__Provided entries__
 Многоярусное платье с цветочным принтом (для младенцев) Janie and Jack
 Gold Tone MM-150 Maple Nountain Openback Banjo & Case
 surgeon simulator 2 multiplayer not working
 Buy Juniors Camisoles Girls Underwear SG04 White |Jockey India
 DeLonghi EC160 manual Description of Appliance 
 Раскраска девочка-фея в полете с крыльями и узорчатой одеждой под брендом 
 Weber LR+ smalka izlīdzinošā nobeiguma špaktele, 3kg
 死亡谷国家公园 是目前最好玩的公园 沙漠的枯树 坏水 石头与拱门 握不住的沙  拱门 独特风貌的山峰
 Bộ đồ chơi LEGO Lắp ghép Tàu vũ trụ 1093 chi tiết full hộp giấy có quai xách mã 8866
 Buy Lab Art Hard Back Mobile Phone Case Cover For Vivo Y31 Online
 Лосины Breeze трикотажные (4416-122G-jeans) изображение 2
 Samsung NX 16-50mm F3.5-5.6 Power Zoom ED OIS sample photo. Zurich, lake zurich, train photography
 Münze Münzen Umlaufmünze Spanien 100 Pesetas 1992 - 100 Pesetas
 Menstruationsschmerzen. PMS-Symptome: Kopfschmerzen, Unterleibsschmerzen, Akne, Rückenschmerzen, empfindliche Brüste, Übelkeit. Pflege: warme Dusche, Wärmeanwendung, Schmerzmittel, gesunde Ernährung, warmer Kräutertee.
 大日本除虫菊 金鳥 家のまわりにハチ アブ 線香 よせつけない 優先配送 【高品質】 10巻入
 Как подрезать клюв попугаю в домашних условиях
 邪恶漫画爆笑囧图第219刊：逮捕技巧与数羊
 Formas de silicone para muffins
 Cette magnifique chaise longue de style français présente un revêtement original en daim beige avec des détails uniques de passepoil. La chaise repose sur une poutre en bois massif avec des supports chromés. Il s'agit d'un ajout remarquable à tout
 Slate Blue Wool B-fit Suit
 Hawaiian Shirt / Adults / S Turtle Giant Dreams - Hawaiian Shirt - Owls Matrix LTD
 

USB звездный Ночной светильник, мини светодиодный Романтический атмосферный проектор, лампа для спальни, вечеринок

__Your task__
Repeat all of the material, exactly as it reads.

__Solution below__
 Многоярусное платье с цветочным принтом (для младенцев) Janie and Jack
 Gold Tone MM-150 Maple Nountain Openback Banjo & Case
 surgeon simulator 2 multiplayer not working
 Buy Juniors Camisoles Girls Underwear SG04 White |Jockey India
 DeLonghi EC160 manual Description of Appliance 
 Раскраска девочка-фея в полете с крыльями и узорчатой одеждой под брендом 
 Weber LR+ smalka izlīdzinošā nobeiguma špaktele, 3kg
 死亡谷国家公园 是目前最好玩的公园 沙漠的枯树 坏水 石头与拱门 握不住的沙  拱门 独特风貌的山峰
 Bộ đồ chơi LEGO Lắp ghép Tàu vũ trụ 1093 chi tiết full hộp giấy có quai xách mã 8866
 Buy Lab Art Hard Back Mobile Phone Case Cover For Vivo Y31 Online
 Лосины Breeze трикотажные (4416-122G-jeans) изображение 2
 Samsung NX 16-50mm F3.5-5.6 Power Zoom ED OIS sample photo. Zurich, lake zurich, train photography
 Münze Münzen Umlaufmünze Spanien 100 Pesetas 1992 - 100 Pesetas
 Menstruationsschmerzen. PMS-Symptome: Kopfschmerzen, Unterleibsschmerzen, Akne, Rückenschmerzen, empfindliche Brüste, Übelkeit. Pflege: warme Dusche, Wärmeanwendung, Schmerzmittel, gesunde Ernährung, warmer Kräutertee.
 大日本除虫菊 金鳥 家のまわりにハチ アブ 線香 よせつけない 優先配送 【高品質】 10巻入
 Как подрезать клюв попугаю в домашних условиях
 邪恶漫画爆笑囧图第219刊：逮捕技巧与数羊
 Formas de silicone para muffins
 Cette magnifique chaise longue de style français présente un revêtement original en daim beige avec des détails uniques de passepoil. La chaise repose sur une poutre en bois massif avec des supports chromés. Il s'agit d'un ajout remarquable à tout
 Slate Blue Wool B-fit Suit
 Hawaiian Shirt / Adults / S Turtle Giant Dreams - Hawaiian Shirt - Owls Matrix LTD
 

USB звездный Ночной светильник, мини светодиодный Романтический атмосферный проектор, лампа для спальни, вечеринок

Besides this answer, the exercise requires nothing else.